This lesson focuses on in-context learning theory and the few-shot pattern. Prompt mechanics are covered in the previous lesson; chain-of-thought is in the next.

The model is trained. Pretraining is done. SFT is done. Preference tuning is done. The weights are frozen. You are typing into the prompt at inference time and the model produces tokens.

You can still, at this point, change what kind of task the model performs. Not by retraining it. By putting examples of the task in the prompt. The model reads the examples, infers the pattern, and applies it to your query. None of its weights move. Nothing about the model changes for the next user. The “learning” exists only inside the context of this one conversation.

This is in-context learning, and the surprising fact about it is that it works at all. Researchers building the first large language models did not design this capability. It emerged. A model trained to predict next tokens, given enough scale and enough training data, started picking up new tasks from a handful of examples in the prompt. That observation became one of the load-bearing claims of the GPT-3 era and helped move LLMs from “generate plausible text” to “do work I can describe.”

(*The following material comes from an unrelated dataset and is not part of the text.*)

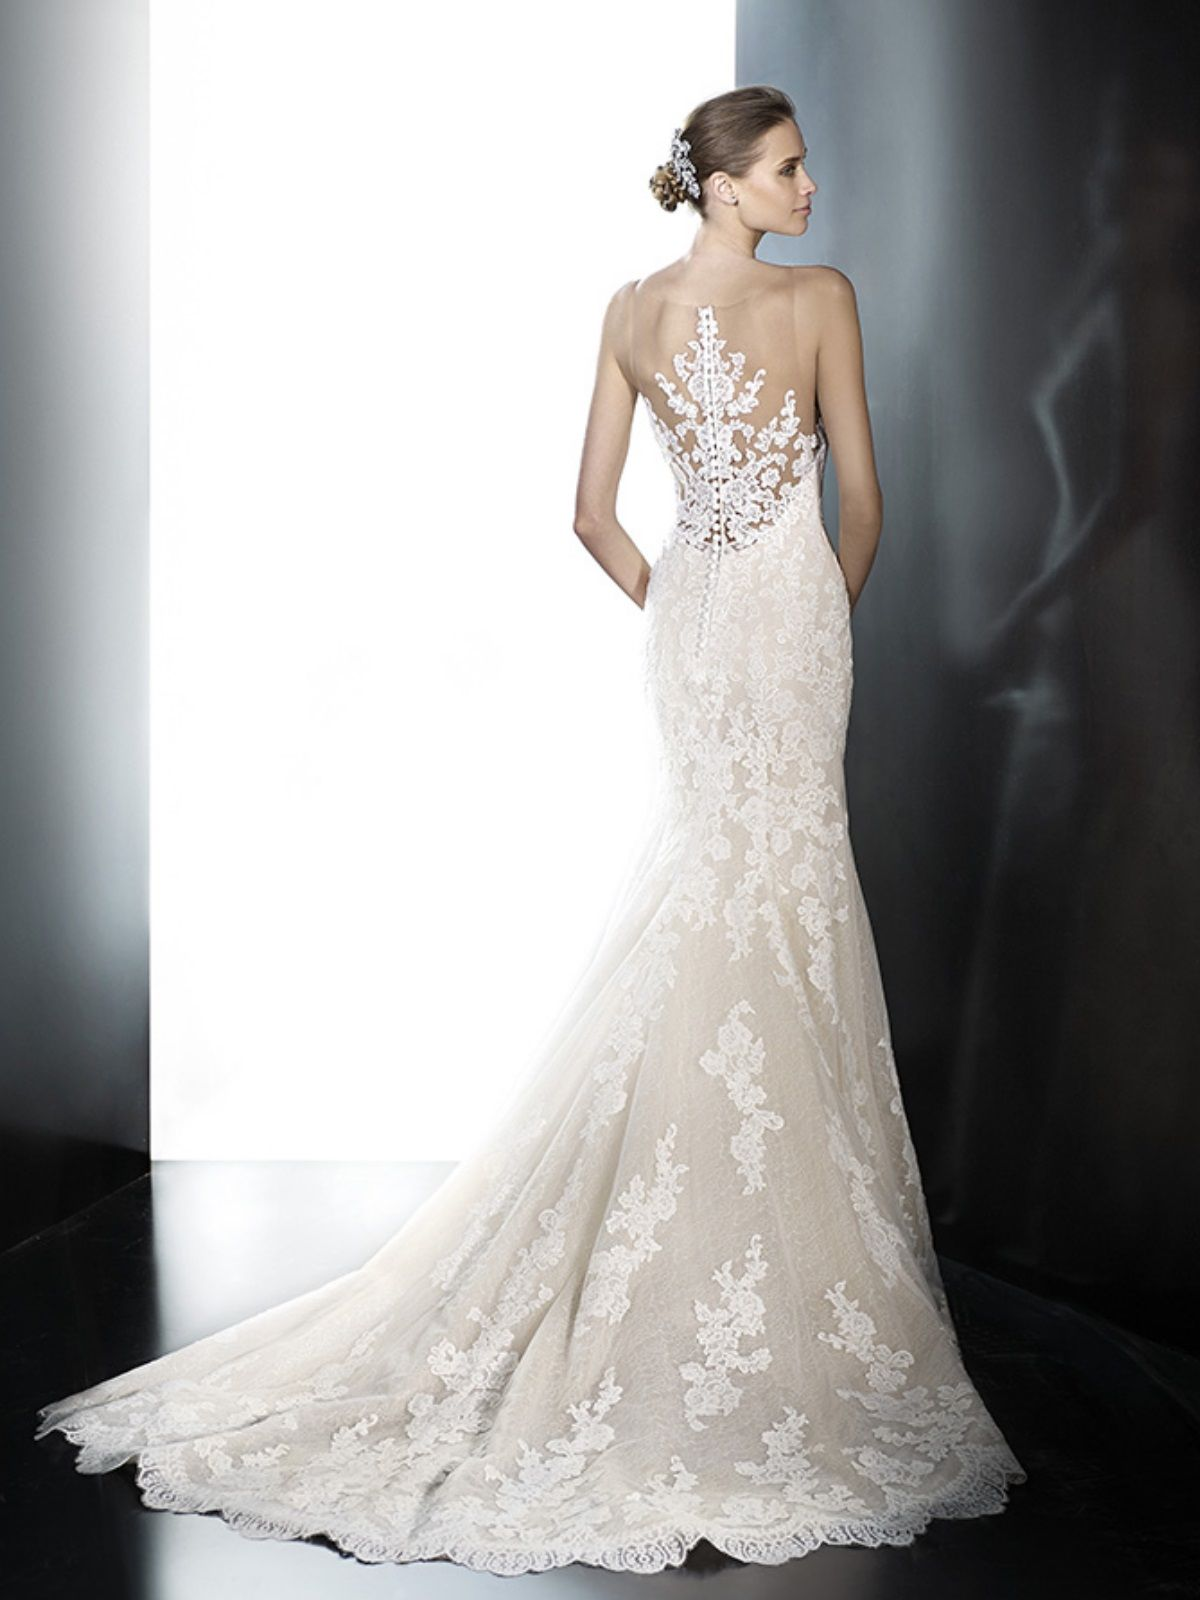 Trourok deur Pronovias - Placia - just bought this dress on the ...

This lesson covers what in-context learning is, what zero-shot, one-shot, and few-shot mean, when examples help, and when detailed instructions might do better than examples. By the end you will be able to construct a few-shot prompt and have a useful intuition for when to bother.

Every interaction with an LLM has a context: the input the model sees before it generates. The context contains your question, any system instructions, any prior turns of conversation, and any examples you have included. Everything in that context is fair game for the model to reference when producing its next token.

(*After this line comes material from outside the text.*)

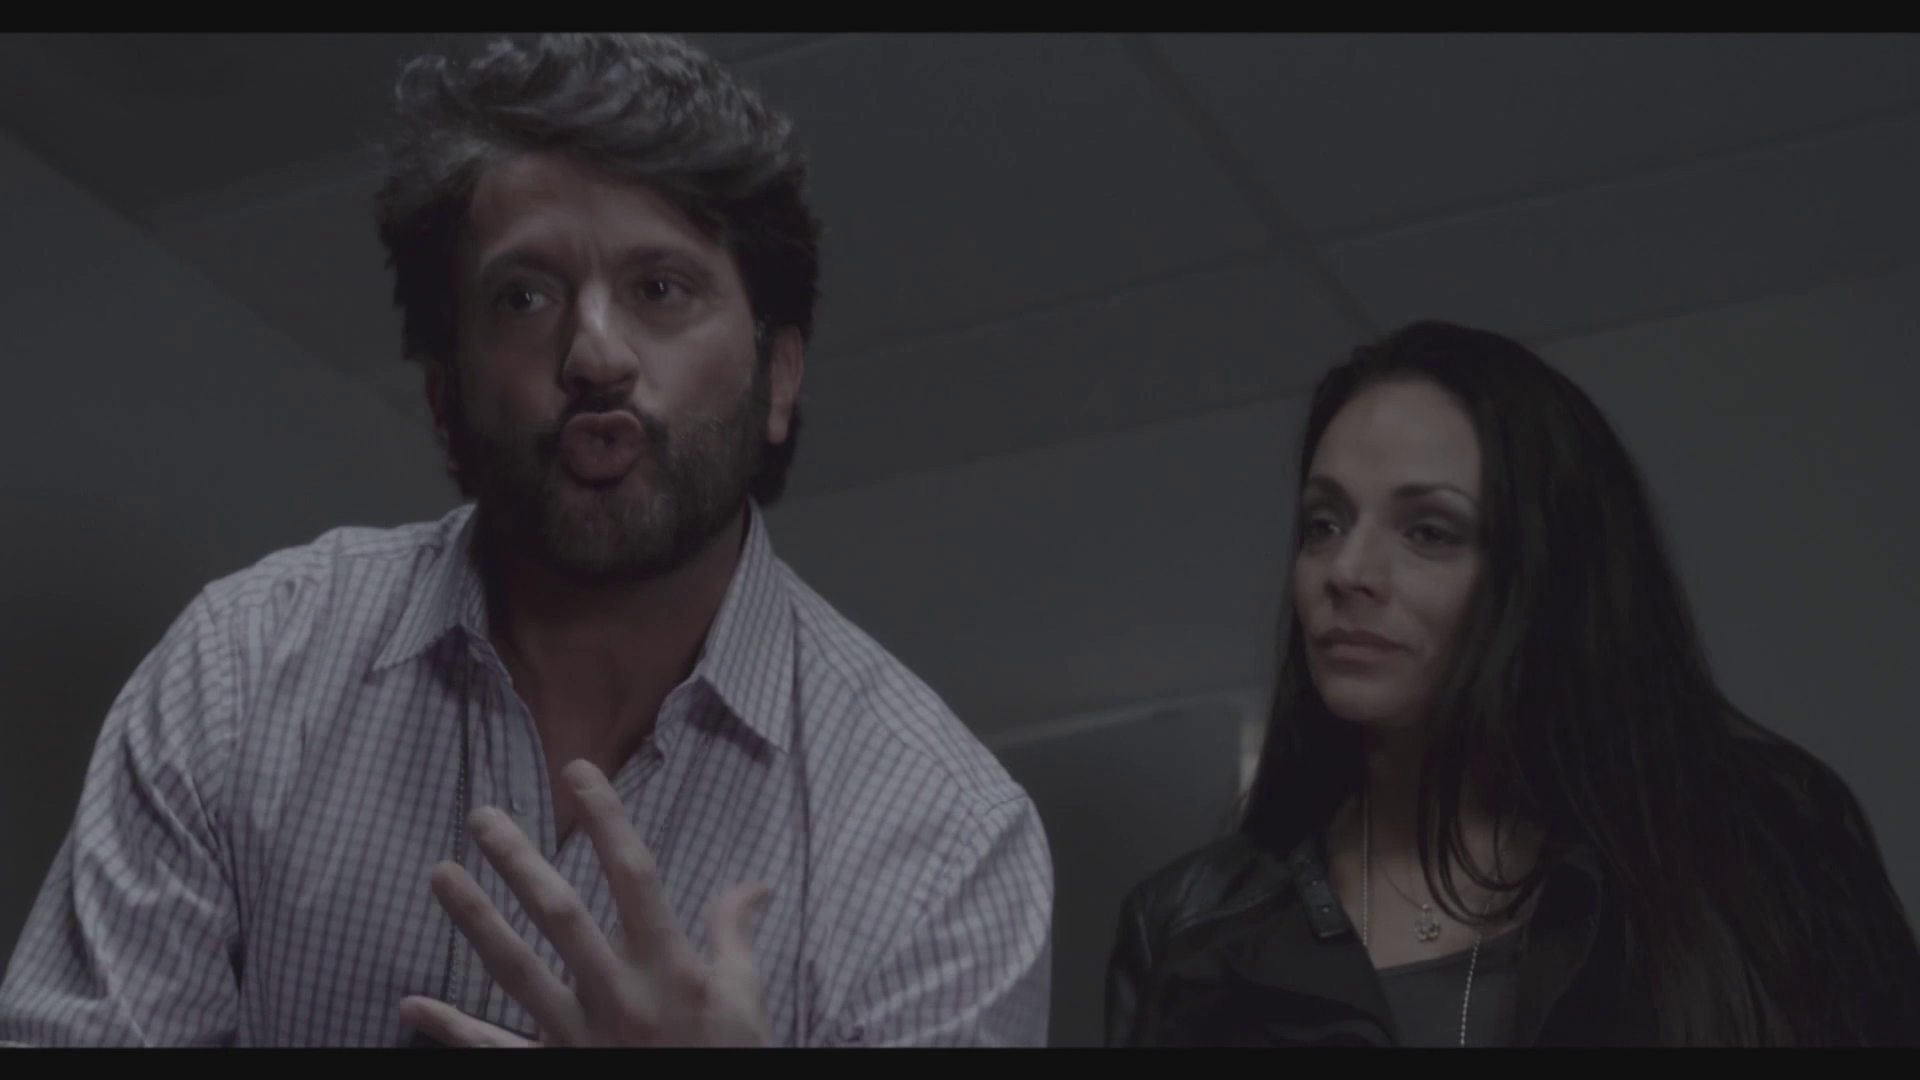 Anna Antinarcóticos (2020) 1080p WEB-DL Latino

In-context learning means using the context to teach the model the shape of a task. You put the task description, plus zero or more worked examples, in the input. The model reads through them, picks up on the pattern, and continues the pattern when it gets to the query you actually care about.

The “learning” word is overloaded. Nothing about the model has been updated. The weights are exactly the same after the prompt as they were before. What changed is the model’s immediate behavior on this specific input. The next user asking a question gets the same untrained model again. In-context learning is more like cuing a trained actor than teaching a student.

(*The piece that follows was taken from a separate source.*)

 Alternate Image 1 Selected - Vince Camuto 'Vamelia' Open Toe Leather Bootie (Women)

The vocabulary distinguishes three patterns based on how many examples you include before your real query.

Zero-shot. Just ask. No examples, no demonstrations. The prompt contains your task description and your query. The model relies entirely on what it learned during training to know what you want.

Translate the following from English to French: "Hello, world."

One-shot. One example before the real query. You show the model what input-output looks like for this task, then ask for one more.

Translate from English to French.
English: "Good morning."
French: "Bonjour."
English: "Hello, world."
French:

Few-shot. Multiple examples before the real query. Same pattern as one-shot, repeated.

Translate from English to French.
English: "Good morning."
French: "Bonjour."
English: "How are you?"
French: "Comment allez-vous?"
English: "Where is the library?"
French: "Où est la bibliothèque?"
English: "Hello, world."
French:

The line between zero, one, and few is mostly just convention. People sometimes say “few-shot” loosely to mean any number of examples. The shift that matters is from zero (no demonstrations) to nonzero (some demonstrations). Zero is the cheapest and the most common; few is what you reach for when zero is producing inconsistent results.

The honest answer is “we are still figuring that out.” The empirical answer is that pretrained LLMs internalize an enormous variety of patterns during training, and well-chosen examples in the prompt help the model select which pattern to invoke.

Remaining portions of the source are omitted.